Its the end of January, so I suppose I should be saying things about the resolutions I made to myself for this year. I think it is good mental and emotional hygine to lay out my plans and put meaingful words to them which helps me to internalize it. This writeup was inspired by Tilde's relationship manifesta
At the end of 2014, I had a mixed holiday. Some plans didn't work out as expected though others had nothing to compare against and were entirely new experiences. The plans that worked out gave me a lot to think about as far as how I wanted to be a more of a person who takes responsibility for her own happiness. For 2015 I had resolved to be more up front about my wants, needs, and to explicitly state them when I could.
I think it worked out for me. I did just that. As the year started to move along, I changed the way I relate to other people in very positive ways. If I wanted to spend time with someone, I would ask and make plans. If something was on my mind, I would push myself to talk it out with someone.

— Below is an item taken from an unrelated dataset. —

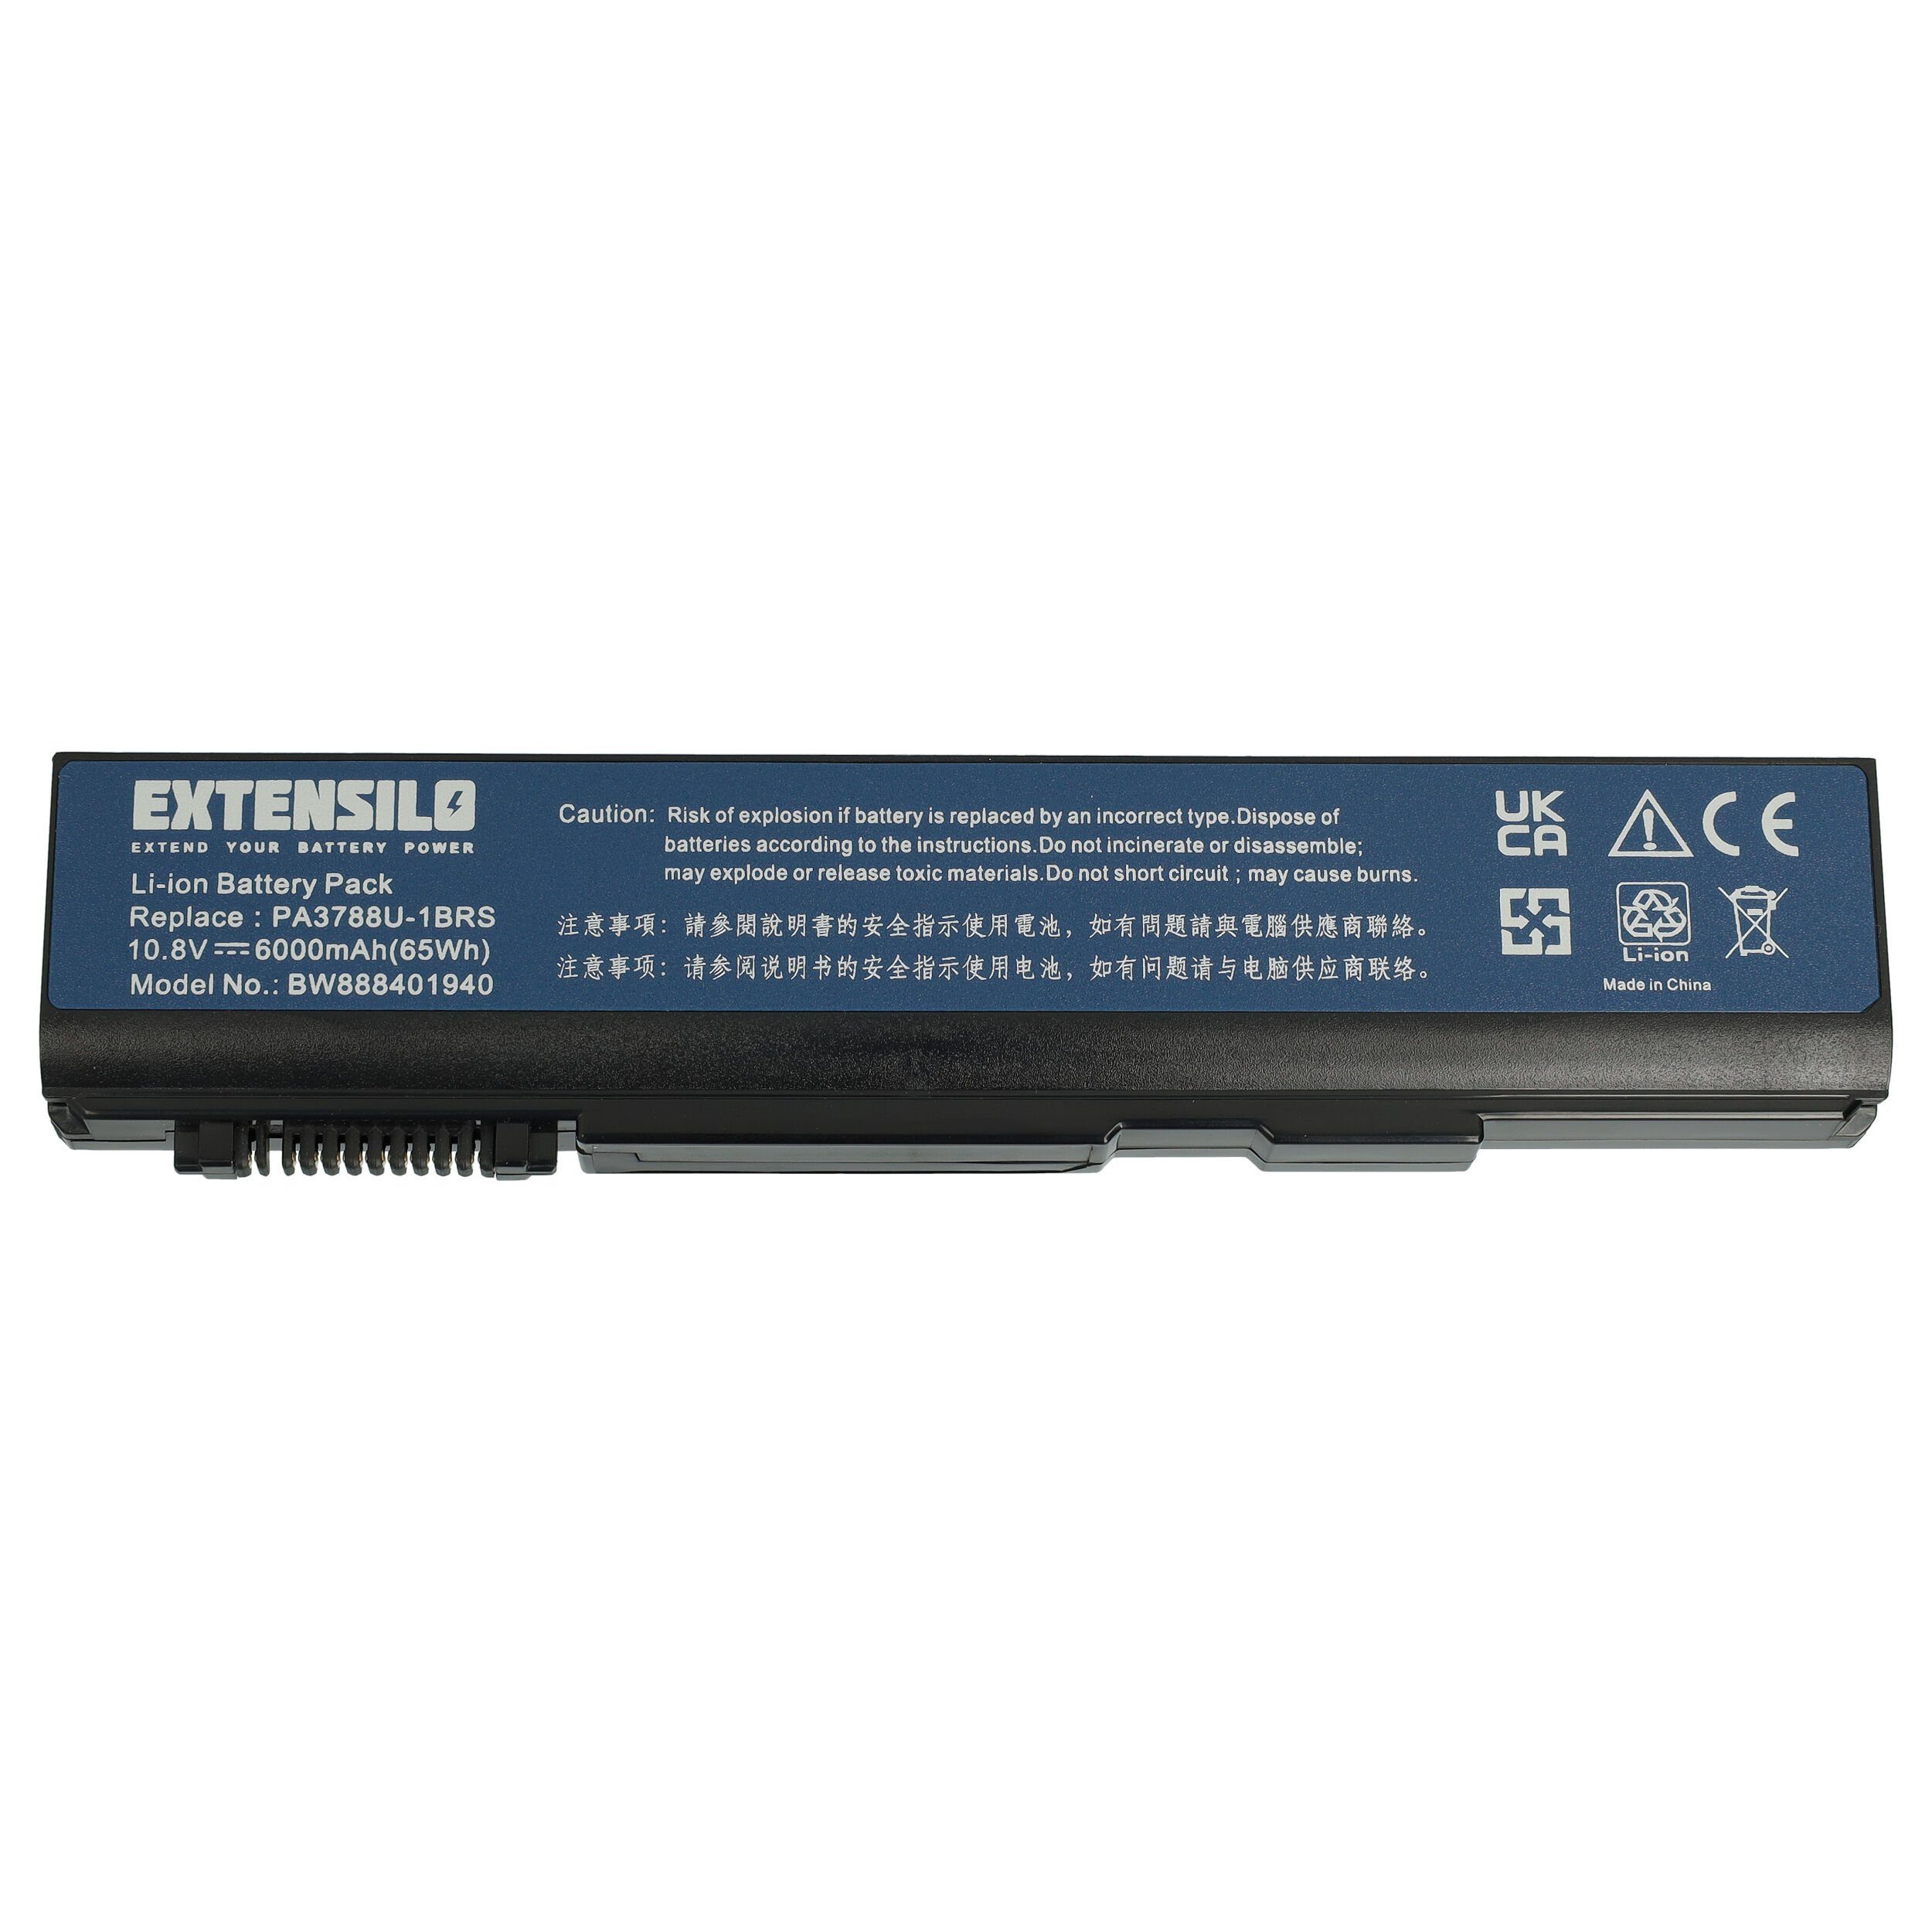 Extensilo kompatibel mit Toshiba Tecra S11 Series, S11-16P, S11-173 Laptop-Akku Li-Ion 6000 mAh (10,8 V)

If someone in my life said something that wasn't completely clear to me, I'd talk it over and push myself to resolve any lingering doubts about what was meant.
In the end, I learned that everyone else seems to have this same problem that I have: feelings are really hard to understand and it can be a lot of work to talk about them. It is hard for me to come forward with another person and be direct about my wants and needs, and I'm continuously working on improving myself to make that better. In 2015, I feel that I did get better at it. There were some tensions in life that immediately got resolved by pushing myself to talk it out with the other person.
It doesn't come as easily as I want it to though, and thats what I want to fix in 2016. I'm working towards a better understanding of how I approach relationships this year. More exploration as to what does and doesn't work out for me. Maybe I too can write a relationship manifesta.